◆ Provided records
↓↓↓
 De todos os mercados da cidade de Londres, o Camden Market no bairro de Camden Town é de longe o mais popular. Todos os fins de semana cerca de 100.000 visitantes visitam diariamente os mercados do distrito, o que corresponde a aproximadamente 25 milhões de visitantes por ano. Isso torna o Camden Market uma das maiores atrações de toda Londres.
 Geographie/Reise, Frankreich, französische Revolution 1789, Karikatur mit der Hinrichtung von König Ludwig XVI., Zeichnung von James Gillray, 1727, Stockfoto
↑↑↑
↓↓↓
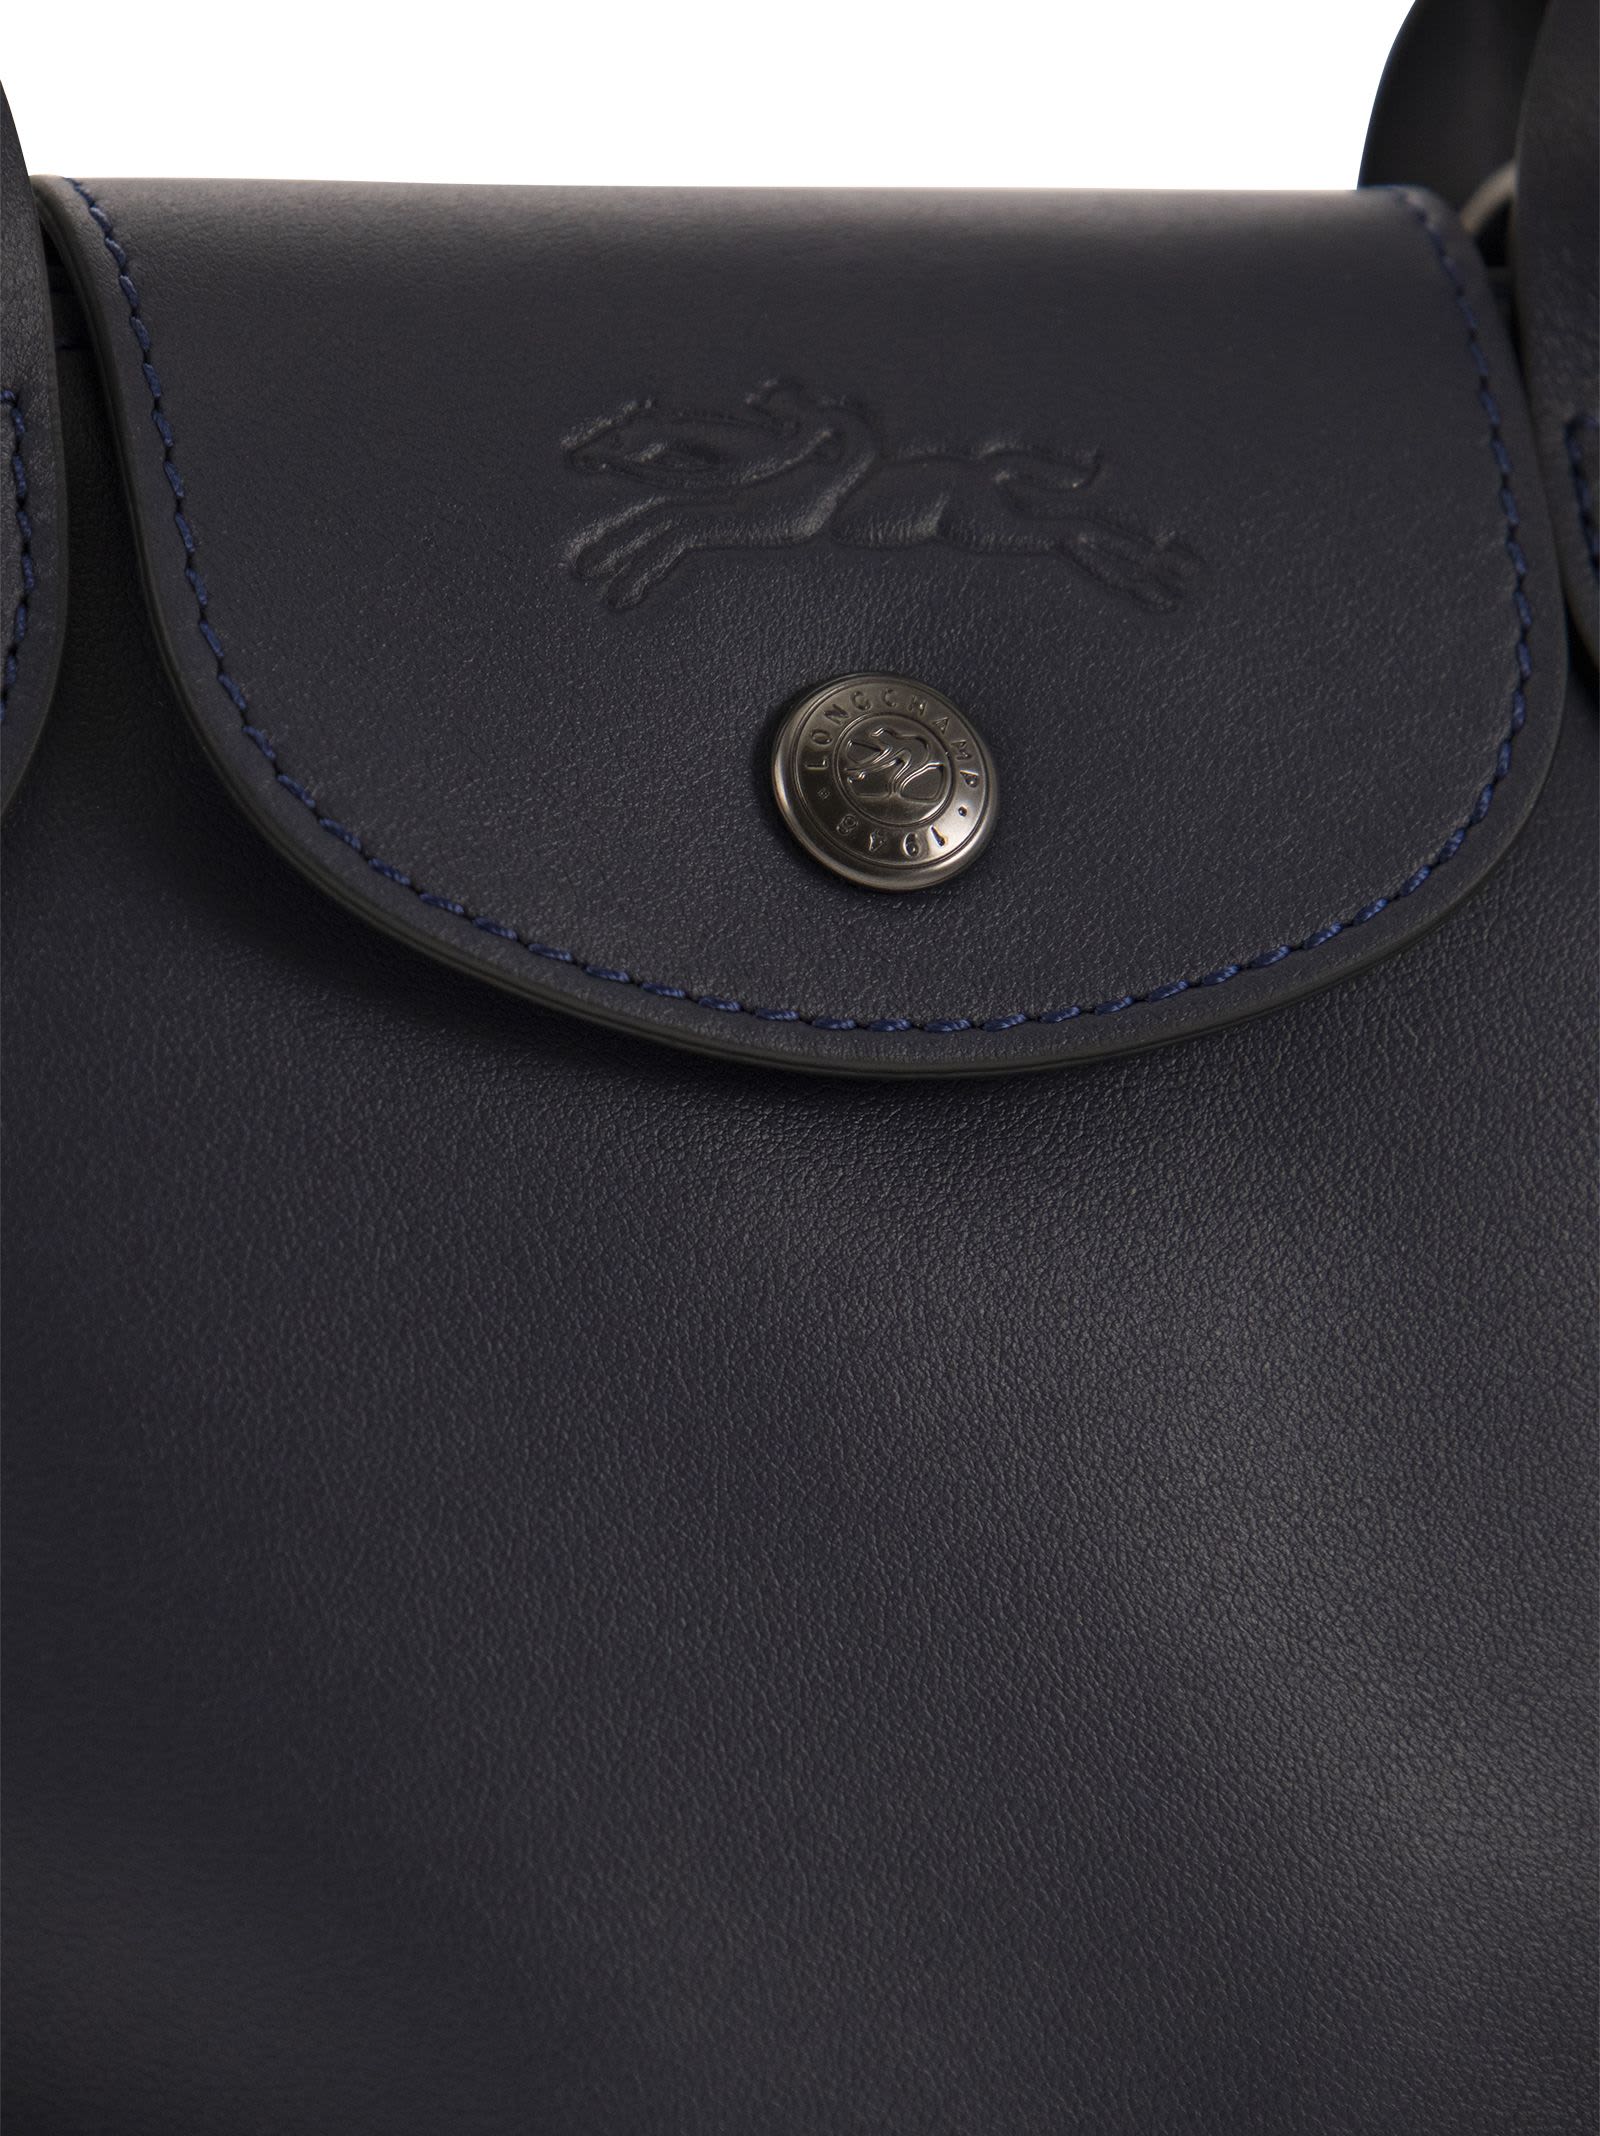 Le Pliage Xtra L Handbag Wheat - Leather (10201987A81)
↑↑↑
↓↓↓
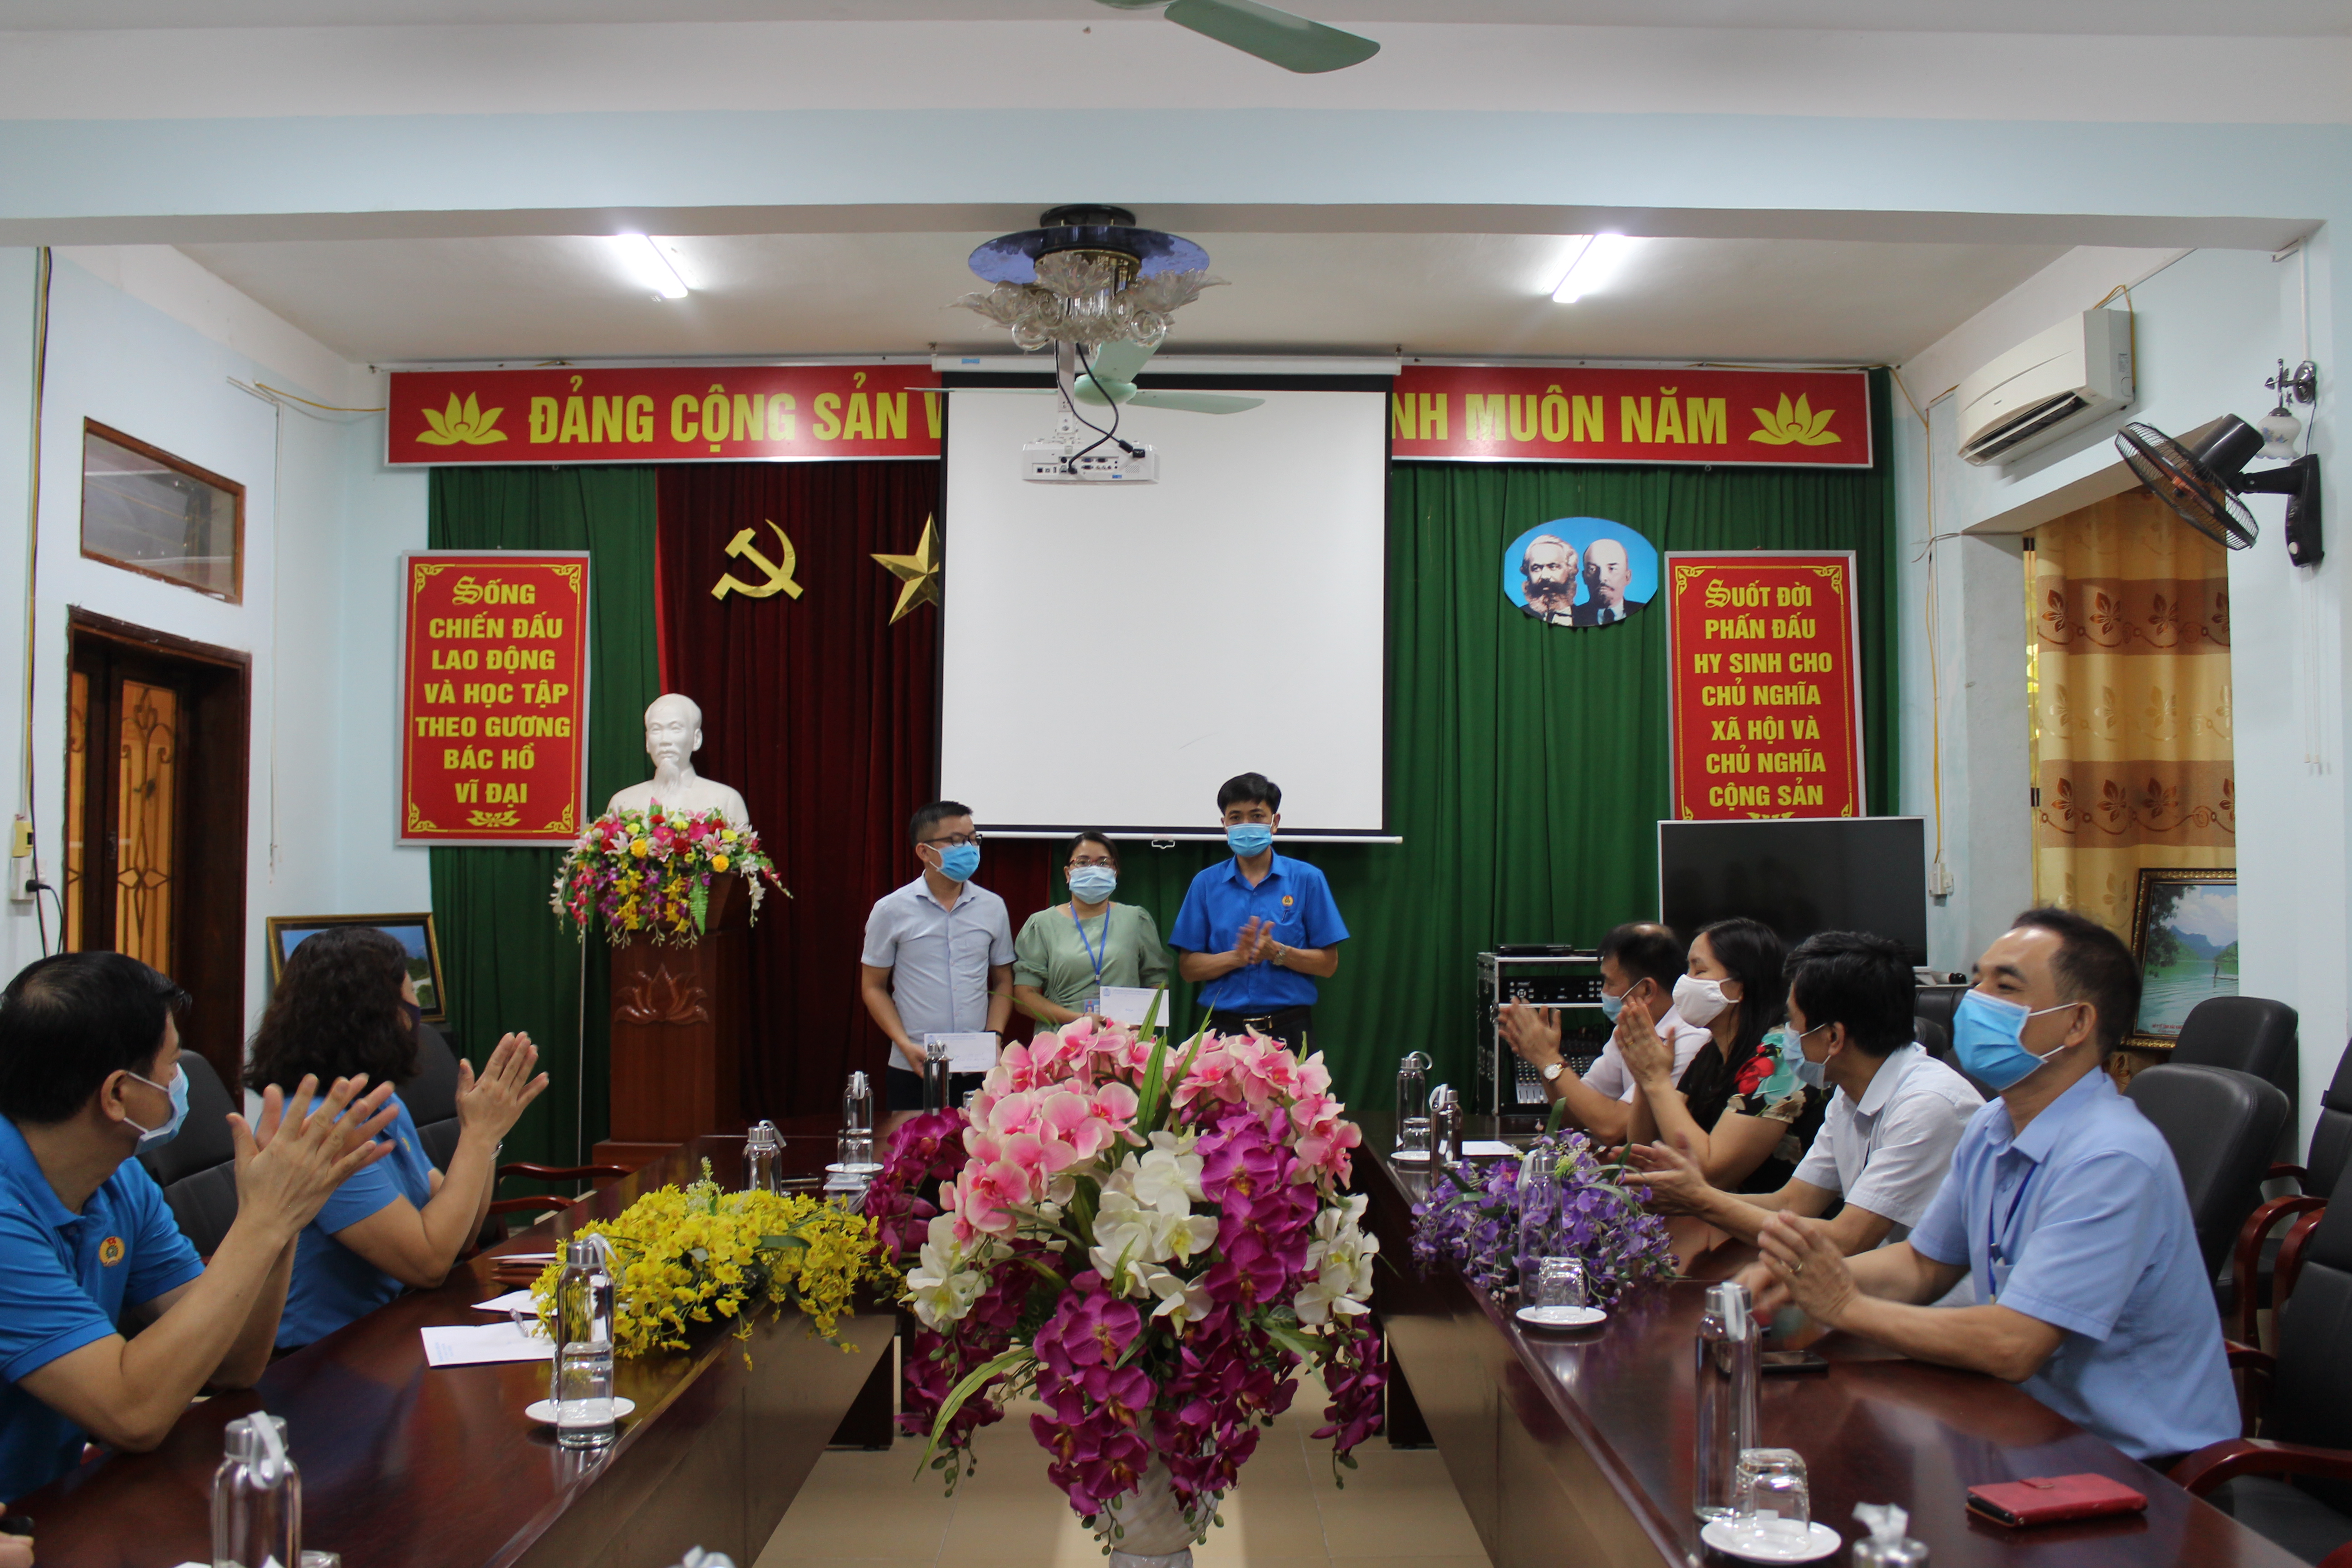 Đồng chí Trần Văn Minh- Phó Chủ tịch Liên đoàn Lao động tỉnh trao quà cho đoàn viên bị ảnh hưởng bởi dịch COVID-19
↑↑↑
◆ Work required
Take exactly the lines from the one containing "De todos os" through the one containing "Geographie/Reise, Frankreich, französische" in the data above, and output them with nothing added.

◆ Exercise result
 De todos os mercados da cidade de Londres, o Camden Market no bairro de Camden Town é de longe o mais popular. Todos os fins de semana cerca de 100.000 visitantes visitam diariamente os mercados do distrito, o que corresponde a aproximadamente 25 milhões de visitantes por ano. Isso torna o Camden Market uma das maiores atrações de toda Londres.
 Geographie/Reise, Frankreich, französische Revolution 1789, Karikatur mit der Hinrichtung von König Ludwig XVI., Zeichnung von James Gillray, 1727, Stockfoto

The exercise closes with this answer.